- Given entries -
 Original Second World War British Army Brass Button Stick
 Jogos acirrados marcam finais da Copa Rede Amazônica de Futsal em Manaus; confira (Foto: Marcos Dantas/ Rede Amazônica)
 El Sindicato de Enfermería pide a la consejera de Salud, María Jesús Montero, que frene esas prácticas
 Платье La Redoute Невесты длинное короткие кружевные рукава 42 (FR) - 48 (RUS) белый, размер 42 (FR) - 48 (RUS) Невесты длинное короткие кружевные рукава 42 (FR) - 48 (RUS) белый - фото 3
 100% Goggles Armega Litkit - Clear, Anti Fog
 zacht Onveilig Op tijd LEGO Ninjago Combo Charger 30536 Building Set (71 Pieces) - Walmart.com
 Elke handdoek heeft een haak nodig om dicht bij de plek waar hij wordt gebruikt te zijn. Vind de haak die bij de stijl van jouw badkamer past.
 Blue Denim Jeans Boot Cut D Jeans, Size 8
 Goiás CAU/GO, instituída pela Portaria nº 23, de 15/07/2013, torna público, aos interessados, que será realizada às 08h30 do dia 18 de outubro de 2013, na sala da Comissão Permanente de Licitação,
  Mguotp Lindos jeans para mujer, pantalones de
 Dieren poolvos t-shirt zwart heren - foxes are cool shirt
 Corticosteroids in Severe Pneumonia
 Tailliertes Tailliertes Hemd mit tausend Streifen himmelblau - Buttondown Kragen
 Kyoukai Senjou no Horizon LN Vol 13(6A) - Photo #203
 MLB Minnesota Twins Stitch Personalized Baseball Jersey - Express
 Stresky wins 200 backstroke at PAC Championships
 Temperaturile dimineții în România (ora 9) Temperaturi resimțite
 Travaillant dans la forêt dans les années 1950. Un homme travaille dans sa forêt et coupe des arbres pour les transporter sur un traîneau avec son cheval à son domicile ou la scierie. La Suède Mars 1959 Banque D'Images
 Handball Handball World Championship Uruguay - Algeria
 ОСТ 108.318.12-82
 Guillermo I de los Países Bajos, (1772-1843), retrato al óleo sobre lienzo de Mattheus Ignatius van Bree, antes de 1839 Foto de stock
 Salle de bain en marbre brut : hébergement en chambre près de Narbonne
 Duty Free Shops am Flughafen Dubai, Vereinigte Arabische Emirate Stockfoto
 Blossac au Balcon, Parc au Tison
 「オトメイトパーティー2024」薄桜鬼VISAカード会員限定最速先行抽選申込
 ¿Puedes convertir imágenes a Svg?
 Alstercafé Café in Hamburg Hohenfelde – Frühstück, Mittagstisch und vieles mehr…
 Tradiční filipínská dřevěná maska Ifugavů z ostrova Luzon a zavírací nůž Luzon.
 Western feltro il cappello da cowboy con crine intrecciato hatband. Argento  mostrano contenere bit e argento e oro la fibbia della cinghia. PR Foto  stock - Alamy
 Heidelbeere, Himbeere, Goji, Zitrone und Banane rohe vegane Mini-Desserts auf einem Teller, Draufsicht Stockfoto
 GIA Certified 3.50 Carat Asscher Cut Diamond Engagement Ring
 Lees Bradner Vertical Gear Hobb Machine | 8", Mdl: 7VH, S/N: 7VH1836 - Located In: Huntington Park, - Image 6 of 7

- Goal of the exercise -
In the listing above, locate each line with "World" and copy it.

- Answer space -
 Original Second World War British Army Brass Button Stick
 Handball Handball World Championship Uruguay - Algeria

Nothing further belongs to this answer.